В конце концов, не побежит же Гогич в милицию!
У самого ведь рыльце в пушку…
«Но что же это такое в тех ящиках, – думал Гогич, вертя податливый руль и автоматически выдерживая скорость и дистанцию, – из-за чего стоило такой грех на душу принимать? Баксы, что ли? Да нет, тяжеловато для баксов… Наркота? Тоже легковата… Да какая, хрен, разница, что в них, в этих ящиках! Добраться бы целым до места, а там я, пожалуй, соберу вещички – и поминай как звали…»
После обеда они опять сменились. Кравцов сел за руль, а Гогич, внутренне сжимаясь от страха и неприязни, опустился на пассажирское сиденье рядом с Шурупом. Шуруп, развалившись в привольной хозяйской позе, жевал резинку и равнодушно смотрел на дорогу через тонированное лобовое стекло.
На робко присевшего рядом Гогича он даже не взглянул, считая это ниже своего достоинства. На Шурупе был светлый летний пиджак, который тот не снимал даже в автобусе, и Гогич почти не сомневался, что это неспроста: под пиджаком наверняка скрывался пистолет. Водитель с горечью подумал, что все то, что понагородили в последнее время на дорогах – границы, таможни, милицейские посты, пропускники и прочая ерунда, – предназначено для простых смертных, а бандиты как не боялись ничего, так и не боятся. Даже, пожалуй, еще наглее стали…
Мало-помалу он начал успокаиваться. Кошмарная сцена, свидетелем и участником которой Гогич стал ньшешним утром, понемногу тускнела перед его взором. Червяк страха, поселившийся в его внутренностях, никуда не делся, но в конце концов, если их до сих пор не остановили и не надели «браслеты», значит, свидетелей убийства не было. Гогич знал, как умеет работать российская милиция, если ее как следует заинтересовать или просто раздразнить. Имей они информацию о том, что приметный двухэтажный автобус побывал на месте преступления, – и сейчас под ним было бы не мягкое сиденье с откидной спинкой, а занозистые нары в КПЗ, или, как это у них теперь называется…
Так, уговаривая и убаюкивая себя, Гогич незаметно заснул. Когда глаза его окончательно закрылись, а дыхание сделалось ровным, сидевший рядом с ним Шуруп осторожно шевельнулся.

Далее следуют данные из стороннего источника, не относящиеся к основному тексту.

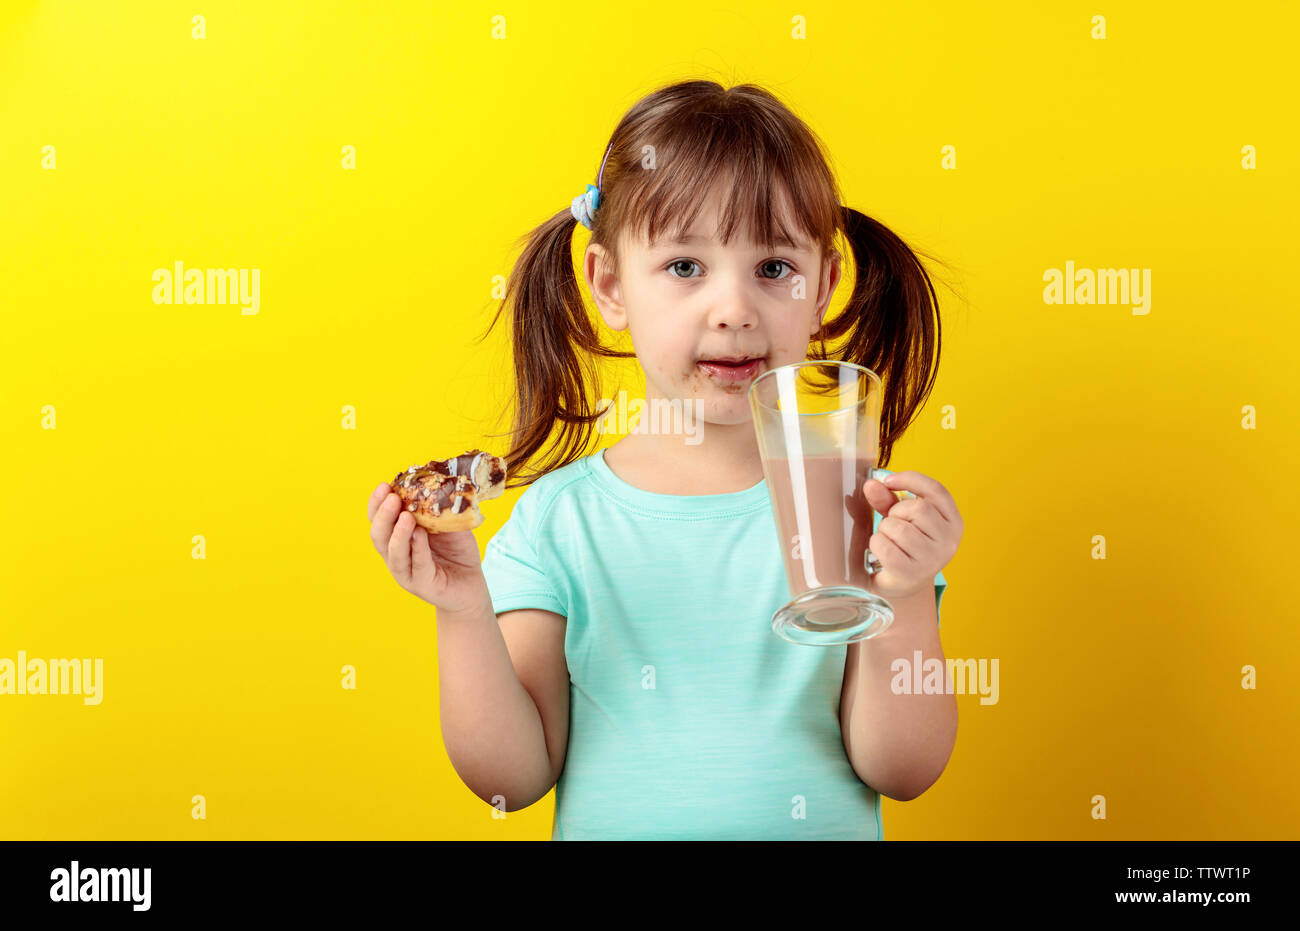 Kleines Mädchen in einem Türkis t-shirt Donuts essen und trinken Kakao. Die Haare des Mädchens ist in Schwänze gebunden. Gelber Hintergrund. Stockfoto

За тонированным оконным стеклом справа и немного позади автобуса горел закат, окрашивая зависшие над самой линией горизонта легкие перистые облака в кроваво-красный цвет. Долгий день, проведенный на колесах, утомил пассажиров, и в автобусе почти все спали. Спал лысый мужик, сидевший позади Шурупа, спал его занудливый пацан с намертво прилипшим к рубашке недоеденным леденцом на палочке, спала вся компания расфуфыренных коров, похожих на школьных учительниц, и сопровождающая, нескладеха Галка, тоже спала через проход от Гогича, некрасиво распустив блеклые губы и светя на весь автобус дурацкими белыми якорями, нашитыми на синие шорты. На ее верхней губе выступили мелкие бисеринки пота, и у Шурупа вдруг родилась странная фантазия: ему захотелось слизать эти бисеринки – для начала.
Он отогнал посторонние мысли и еще раз внимательно огляделся. Все было спокойно, на него никто не смотрел, да и кто мог следить за ним в этом сонном царстве? Шуруп невольно позавидовал спящим: его и самого клонило в сон, веки слипались, а рот раздирала зевота. Он встряхнулся, как вылезшая из воды собака, стараясь при этом не разбудить Гогича, и полез во внутренний карман пиджака. Хозяин всегда поражал его своей предусмотрительностью.
Впрочем, в противном случае он не стал бы хозяином. Нащупывая в кармане плоскую пластмассовую коробочку, Шуруп попытался представить, кем мог бы стать Владлен Михайлович, не будь он таким предусмотрительным, и пришел к логичному заключению, что скорее всего обыкновенным трупом.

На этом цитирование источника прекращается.